## Given material

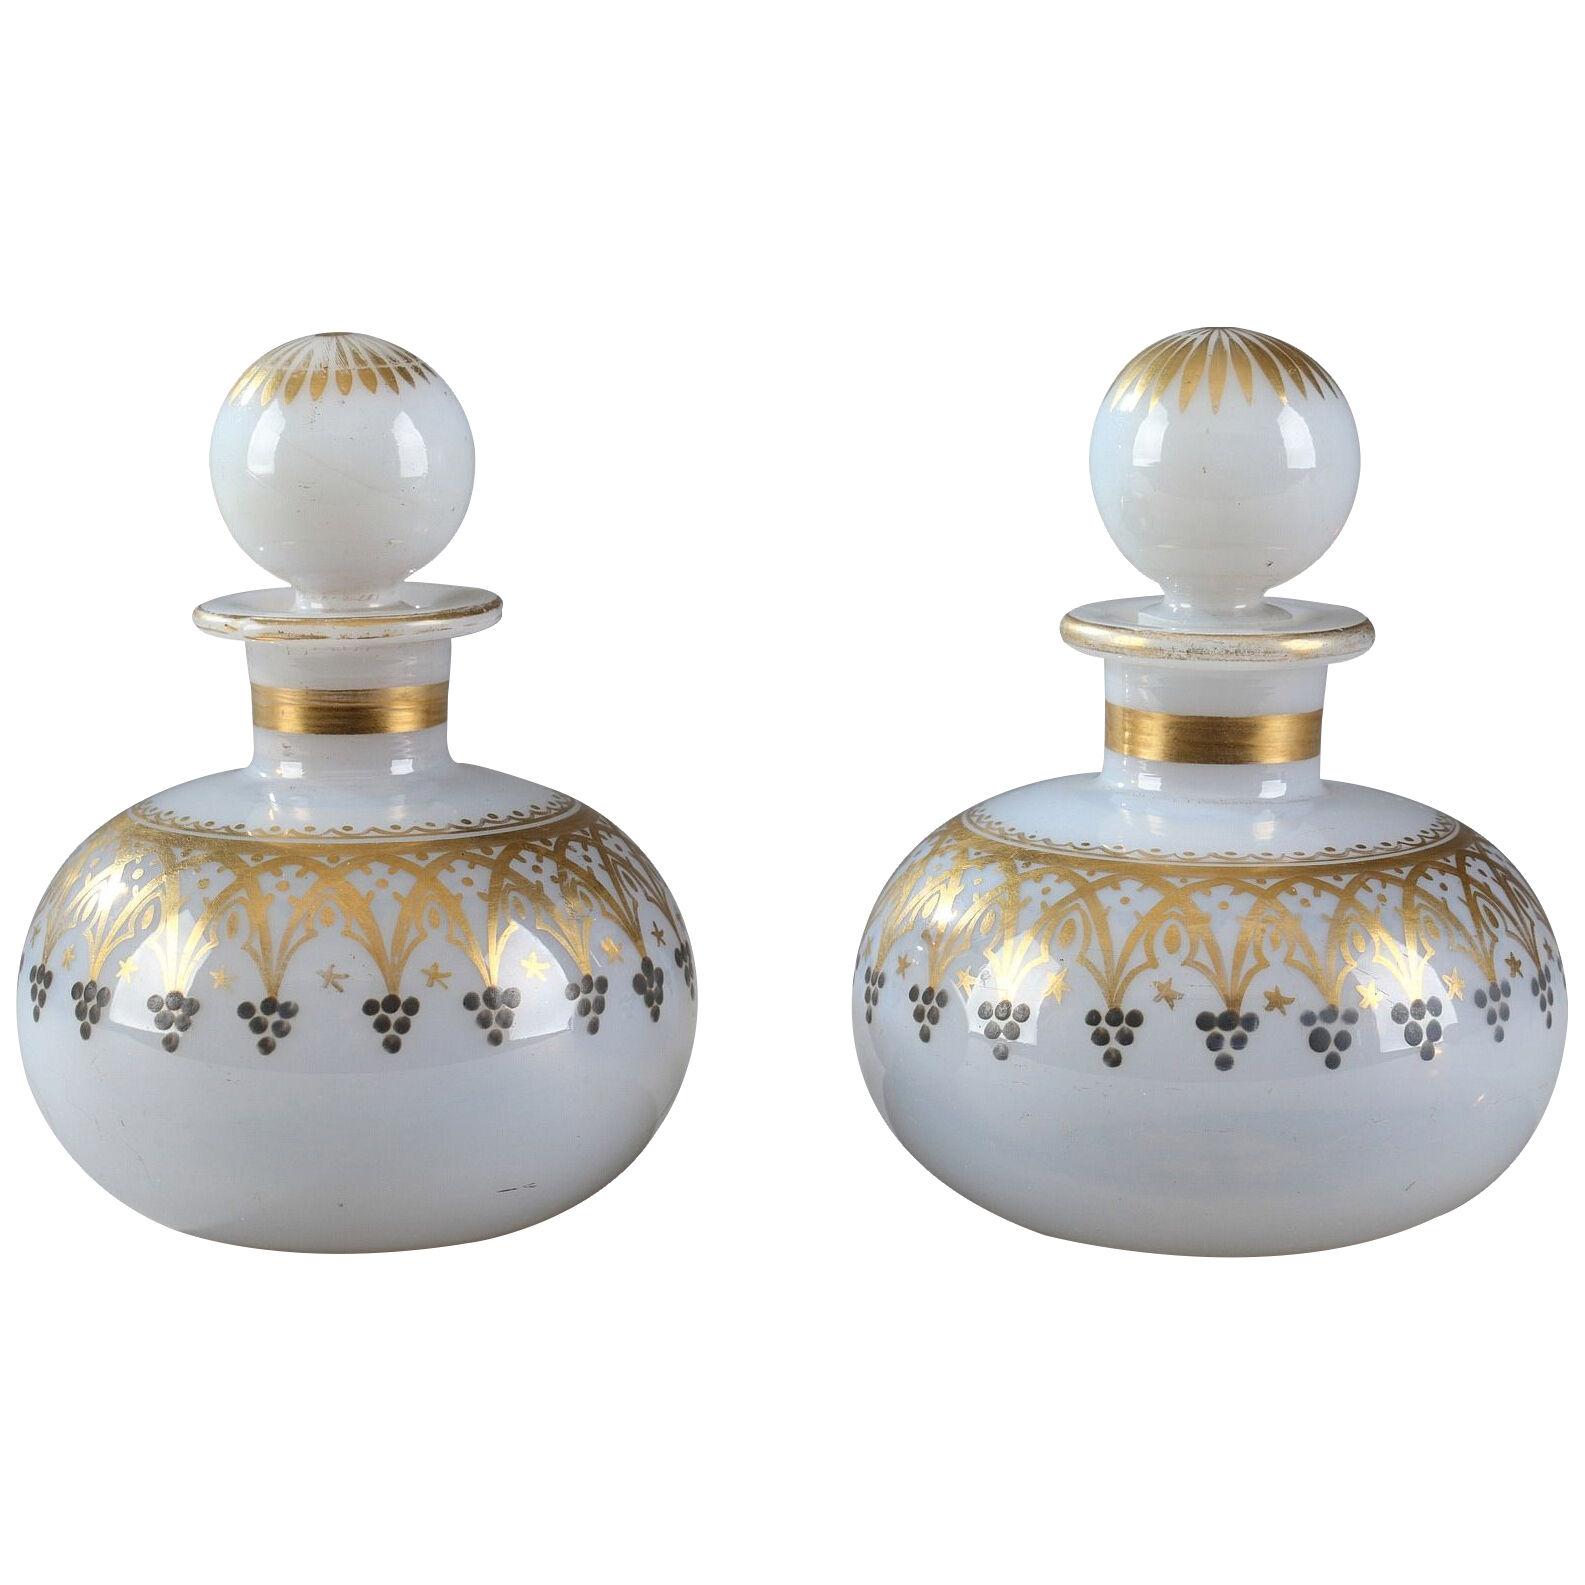 Pair of Opaline Flasks With Gothic Decoration
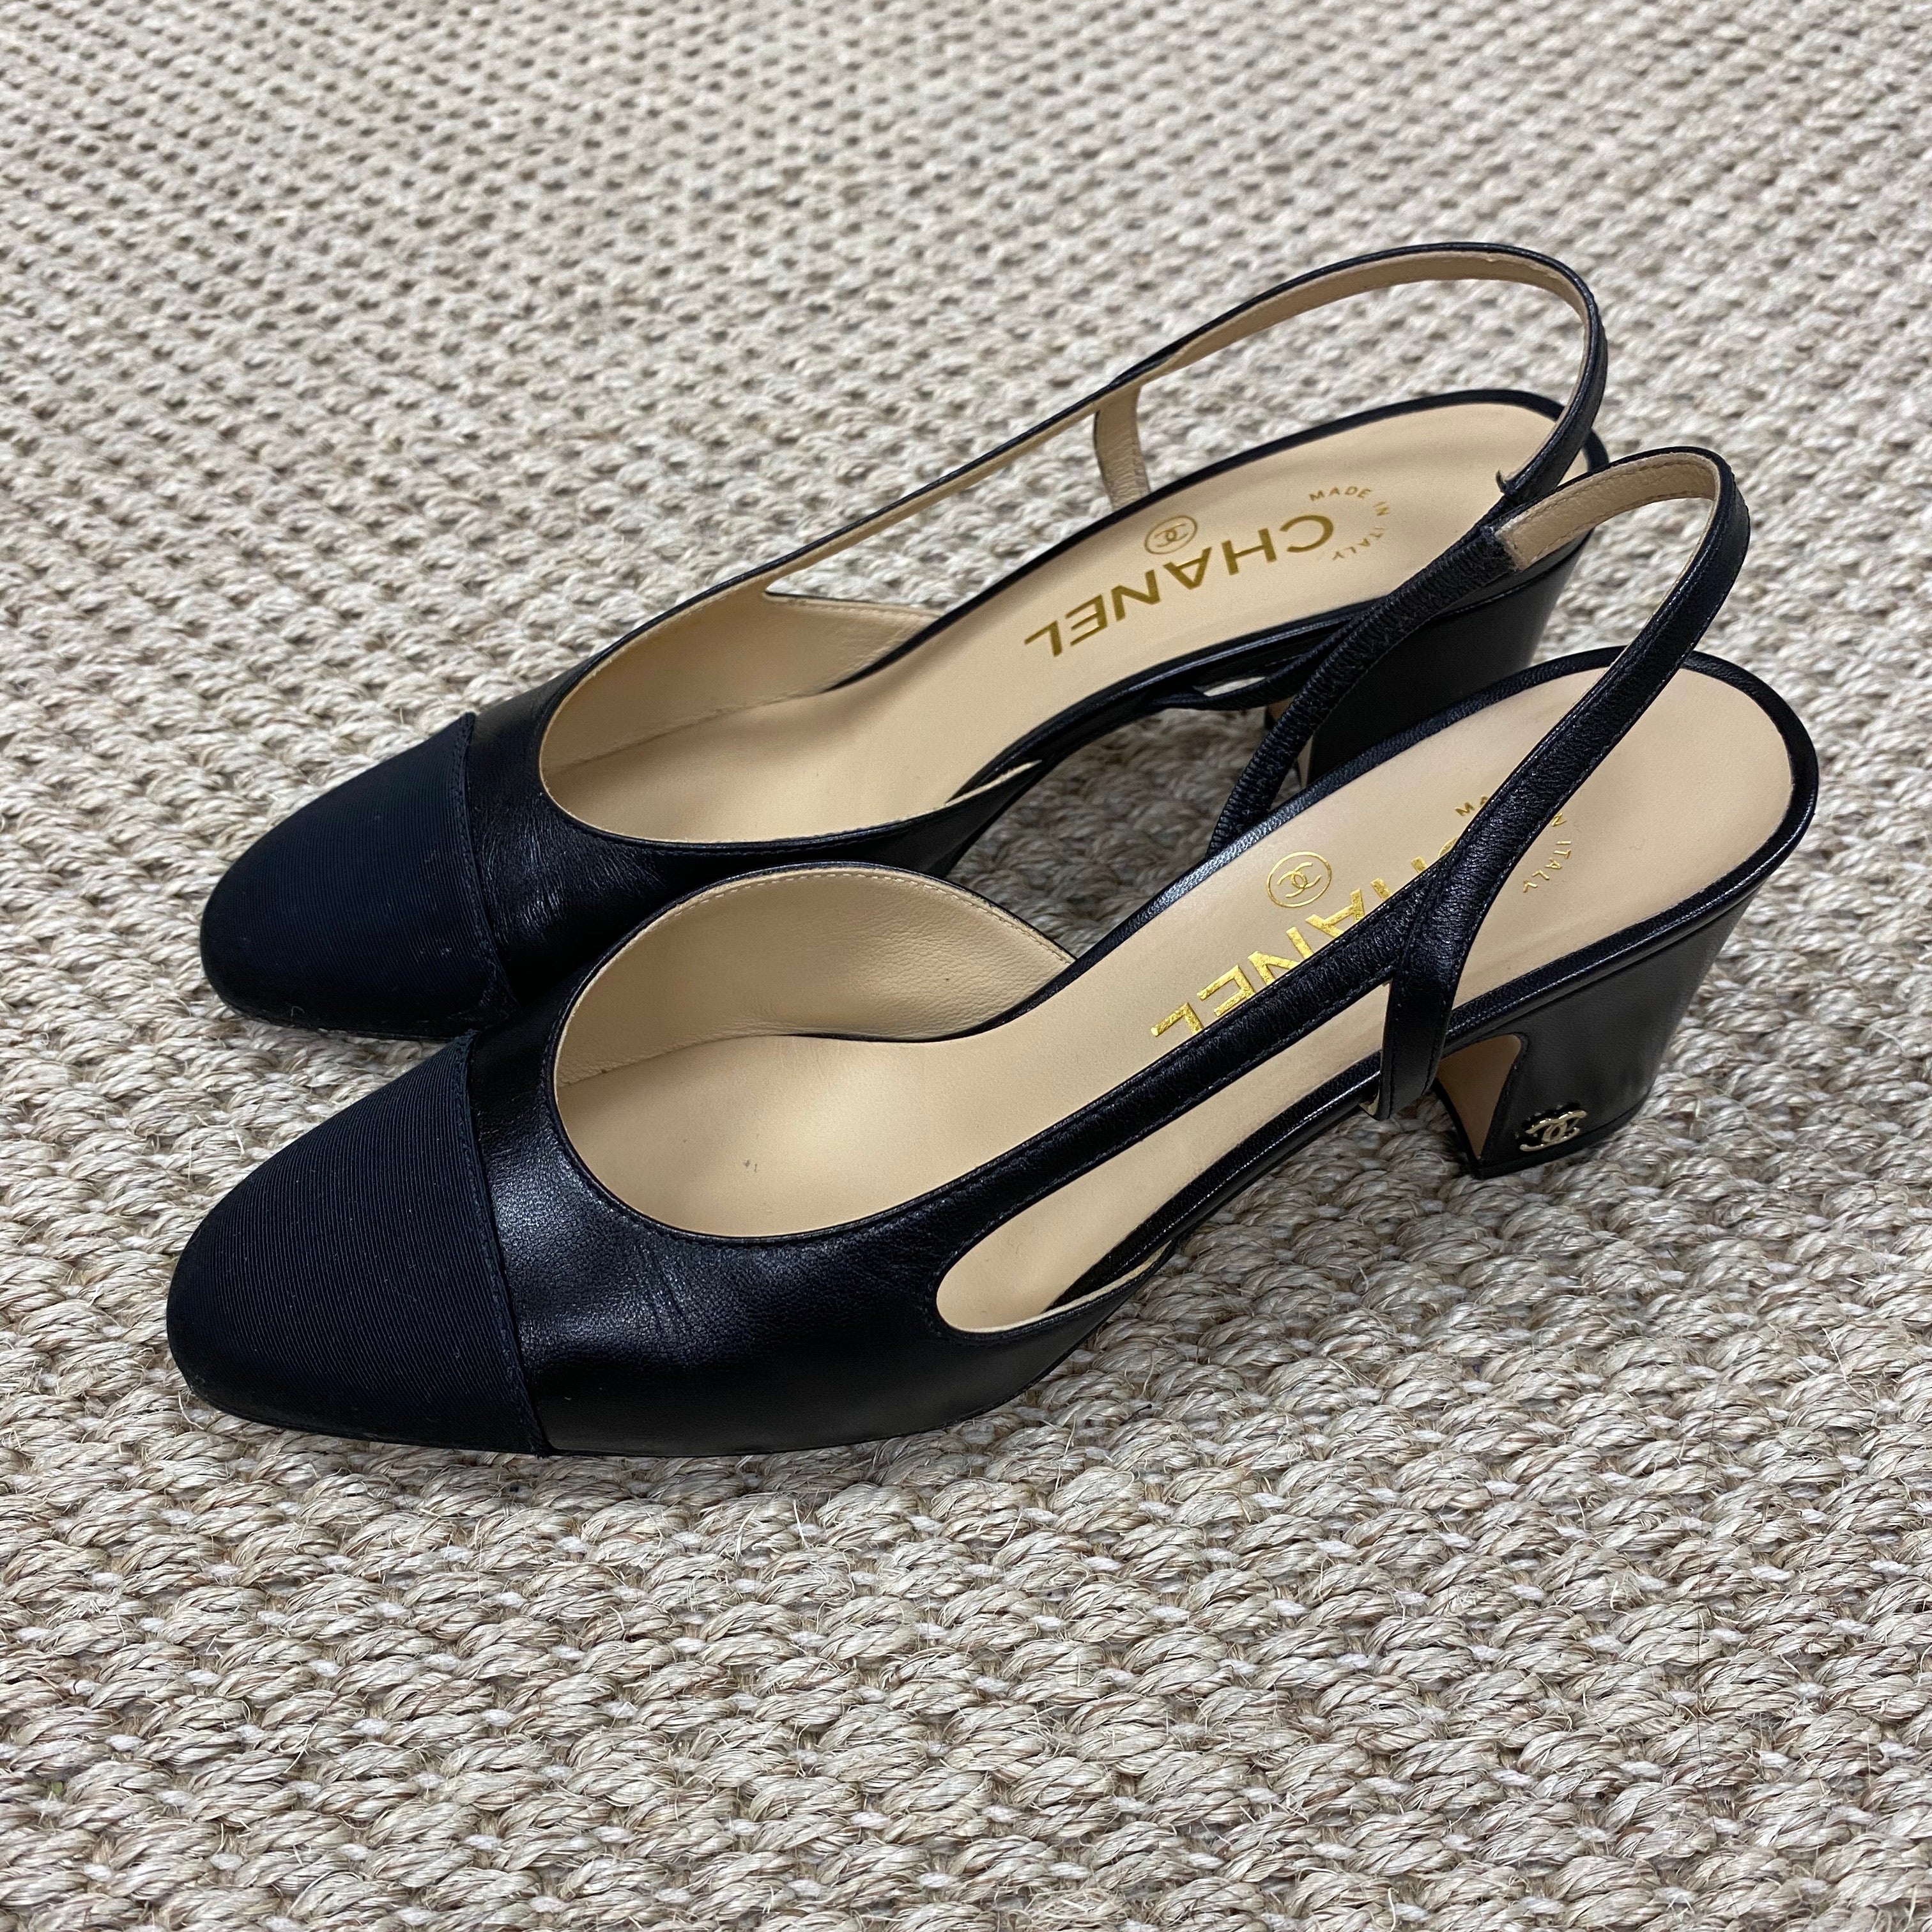 chanel slingback shoes for women 8 wide
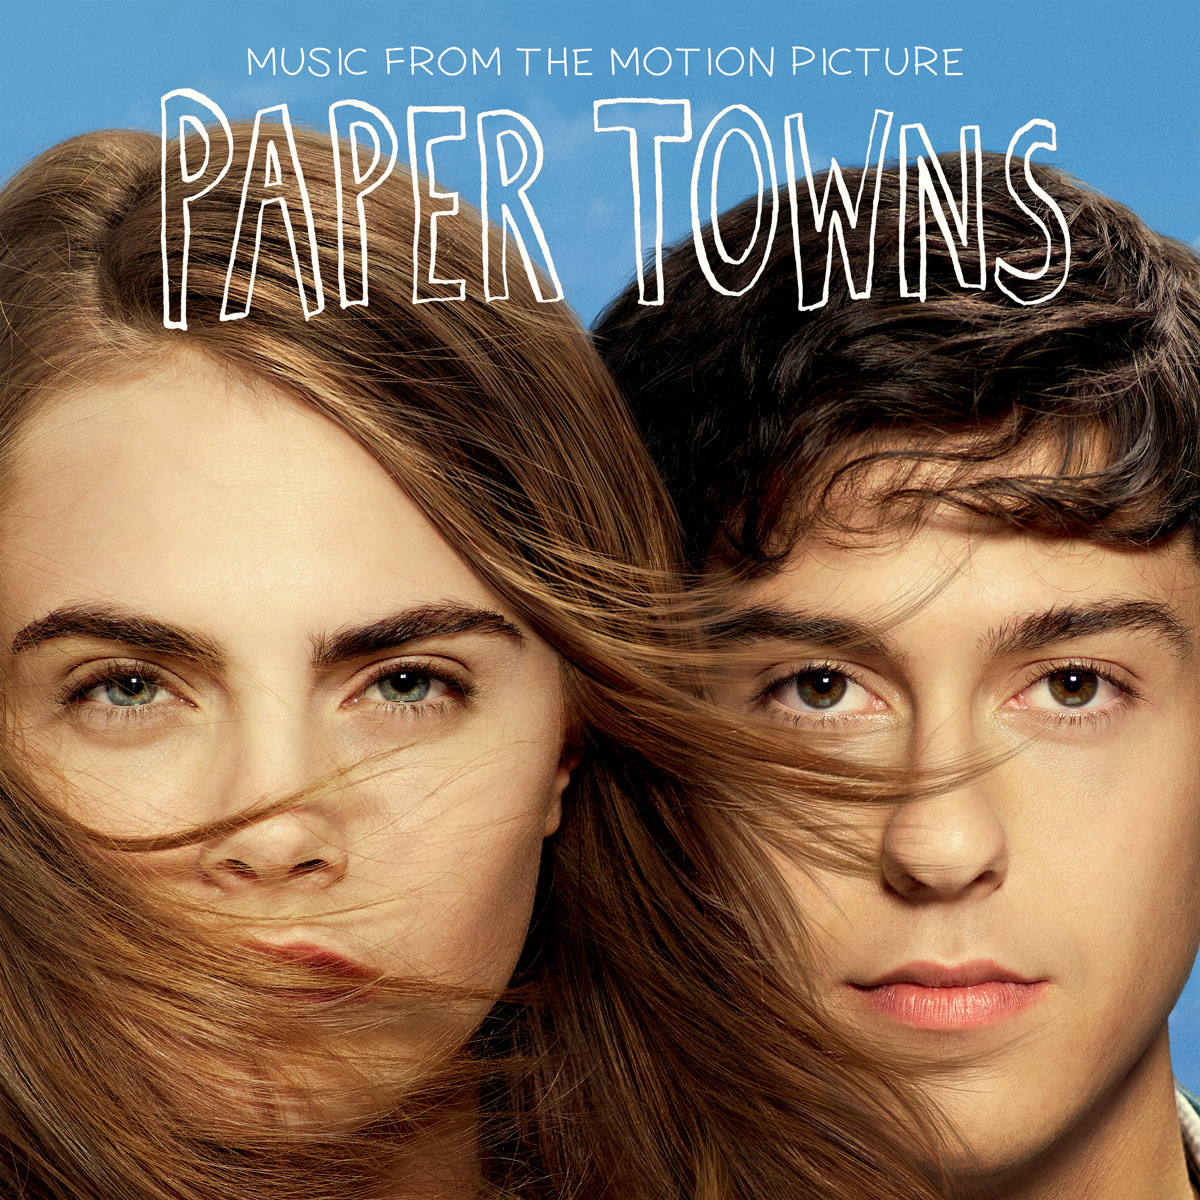 Download Paper Towns 2016 full movie hd online free - Downloads Paper Towns | Teaser | Official HD 2015

## Exercise brief
In the reply, each line of the data must appear exactly as written, and no picture may appear.

## Answer box
 Pair of Opaline Flasks With Gothic Decoration
 chanel slingback shoes for women 8 wide
 Download Paper Towns 2016 full movie hd online free - Downloads Paper Towns | Teaser | Official HD 2015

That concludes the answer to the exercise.